Tuesday, April 28, 2009

"You don't raise heroes, you raise sons. And if you treat them like sons, they'll turn out to be heroes, even if it's just in your own eyes."

I got a beautiful email from a friend just a few days, hope you don't mind D. She always picks me up with her emails, and I'm sure I've told her that before. Recently she'd told me that she often thinks of Landan & that knowing about him makes her happy. She said other beautiful words as she always does, but I wanted to blog about a sentence she said in the email. I just feel like it's something I should talk about. Get my feelings out.

"I will say It is definitly not fair that he was taken from you, His mama, way to soon. I don't know if I could ever forgive that and in the same breath I couldn't be more grateful to have had him for what ever time and purpose I was given."

Who knew that someone who hasn't lost a child could be so "on page" with my own thoughts? Sometimes I wish their were a book on how to grieve the "right" way. Then maybe it would be easier. I still have anger about Landan's passing. I just can't wrap my head around the why's & what if's.

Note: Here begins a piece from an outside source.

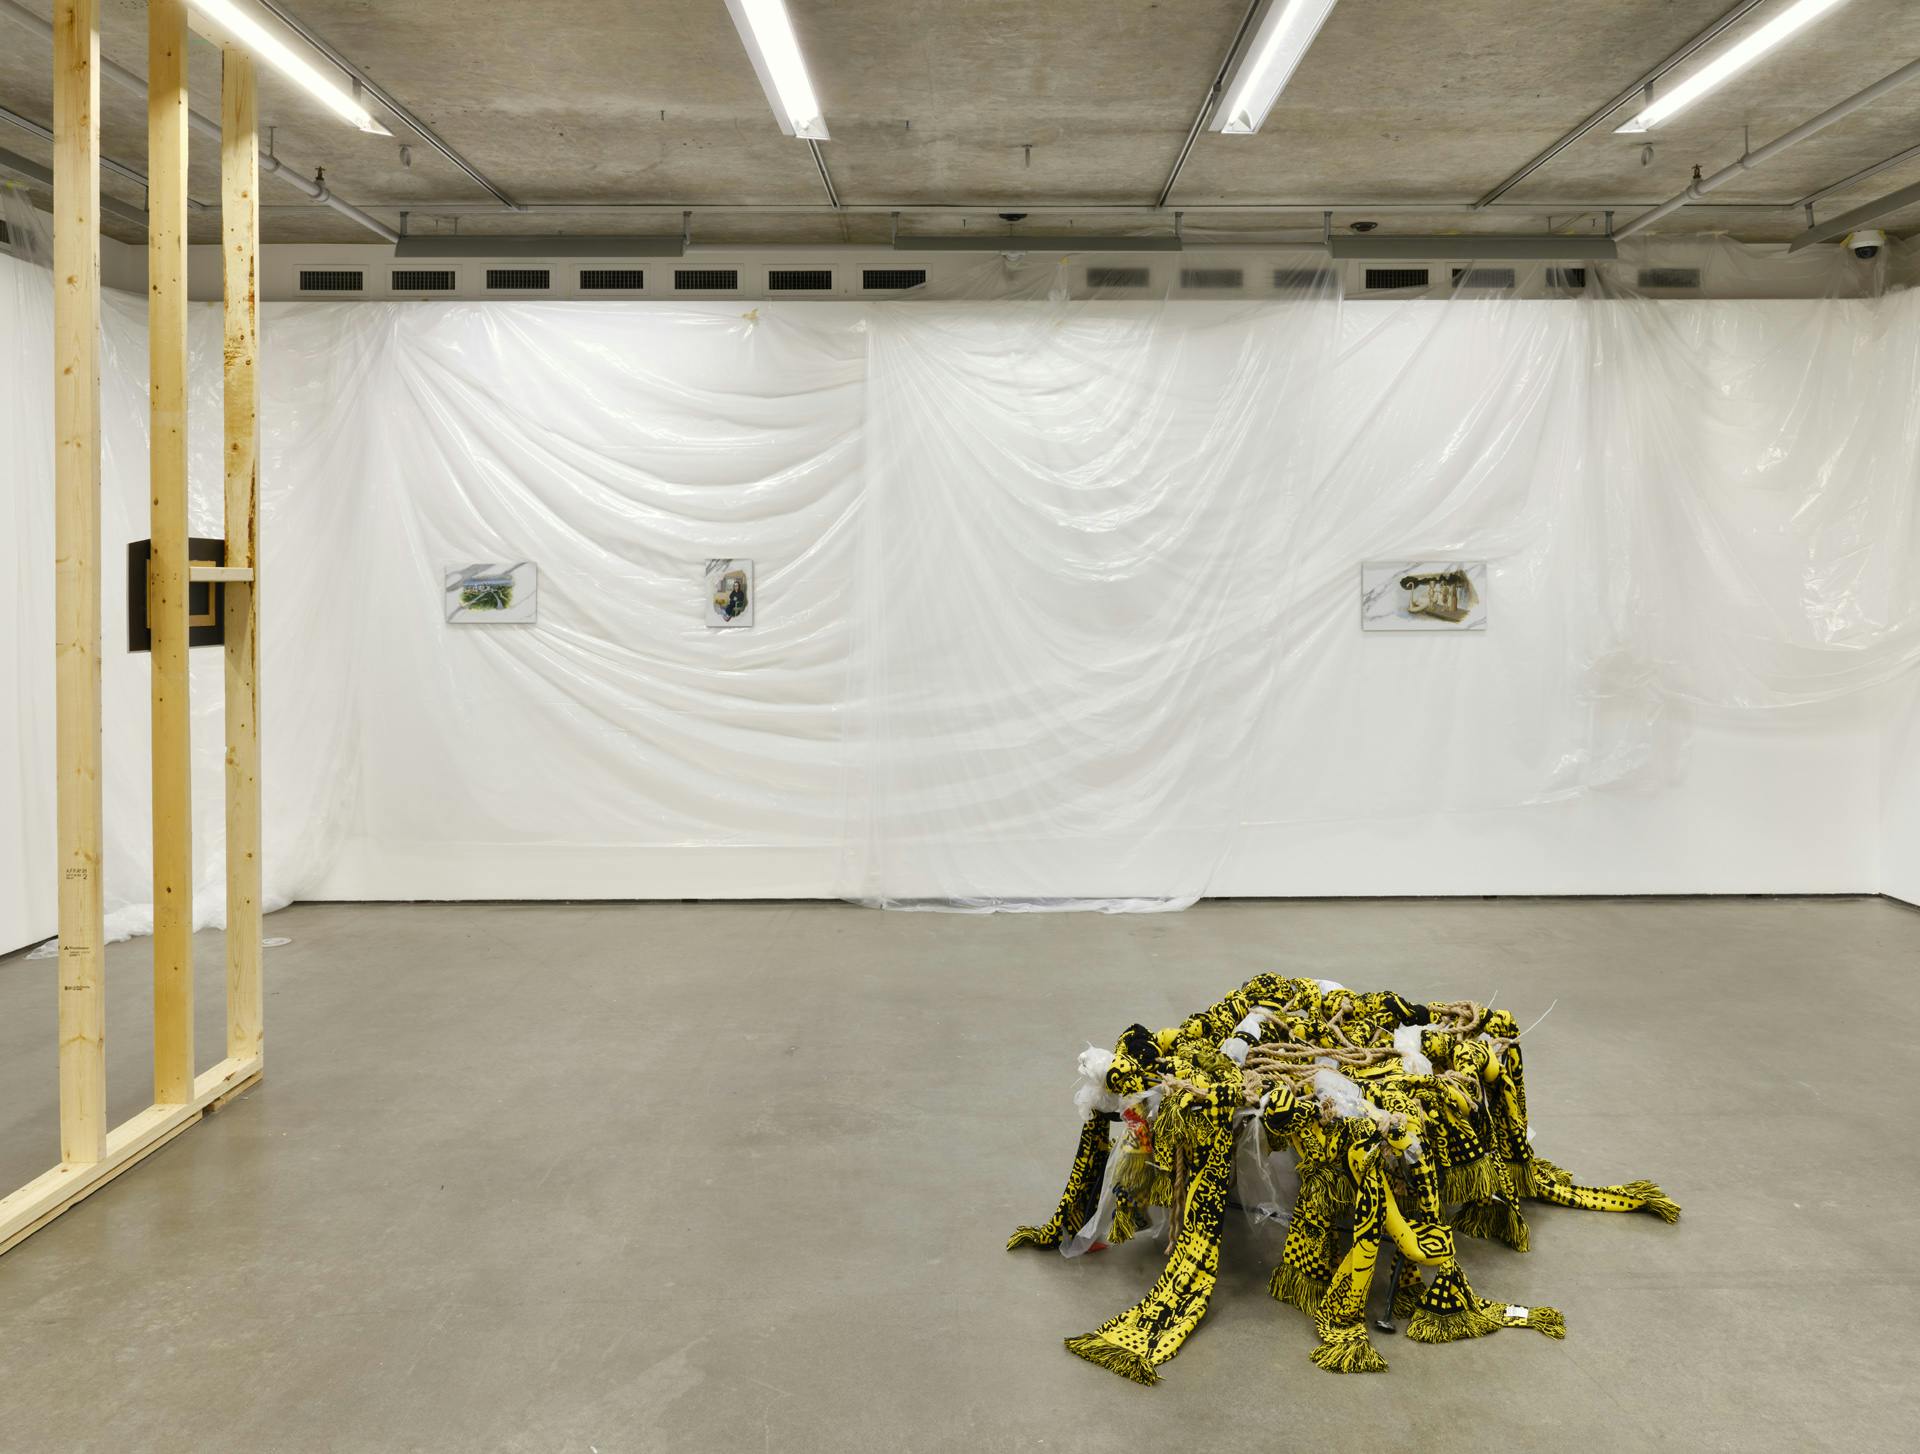 Three small paintings hang on a gallery wall draped with plastic sheetings. To the left is an unfinished wooden wall structure. A sculpture made of yellow textiles, plastic and rope sits on the floor.

Why Landan? Why me? Why our family?
What if I would have taken him to the hospital the night before?
What if we didn't go here, or there?

Anyways, back to the email quote. I still am working on forgiving God for Landan's passing, not that he's really to blame I guess. I don't have anyone to blame except the disease. My mom says she's glad that we have no one to blame, that it would eat away at us. I guess I can see where she's coming from. But I also wish I had someone I could hate for taking Landan away. But I think I'd be tortured by those visions if someone did something awful to him. Not that I'm not already anxiety stricken by the visions of the end anyways. Sometimes I'll be laying in bed & I'll be thinking about the time Landan was at the hospital ... Then I get this adrenaline rush & an anxious feeling because I just can't believe this happened. I never thought I'd be in this place I am now. I used to visit memorial pages for other children who passed away too soon. I remember sheading tears of saddness for these children & their families. Now people are doing that for our loss. Nope, never in a million years did I think Landan wouldn't outlive me. I know you've heard it before, but children are supposed to outlive their parents! We're not supposed to bury our children! So I'm still working on things & living after this loss. I miss Landan so much though, I do anything for him to be here with us! I think God forgives me for being angry with him.

I feel so, so blessed to have been the mama of an angel sent to earth. Landan is & was perfect. I feel like the luckiest mom in the world. He's touched so many lives it's amazing, and I always hear atleast once a week about another life he's touched. It fills my heart with joy. Truely.

I've also been blessed with another son! So I guess I'm not being punished or not worthy as I may have thought immediately after Landan's death. Now the hole in my heart isn't as big. I have someone to share my love with again. I can't even describe the feeling I get cuddling Layne. Sometimes I don't want to let go, or I can't pry my lips away from kissing on him. I'm so thankful for my boys (hubby included) I love them all!

I love being the pink in my house of blue.

2 comments:

Lea said...

Hi there,

I just came across your blog and have to say that Landon is gorgeous. I am so sorry for your loss. I am so sorry you are on this horrendous journey with us all. It's all so hard.

I love, love the quote, btw.

lamb said...

ok so while i was reading this i started balling my eyes out. i know how much you must miss landan. and i know that there is still that missing piece that you have.

i know that landan's story has truly touched me, and i think about him a lot. i know that he is looking down on you and your family all the time.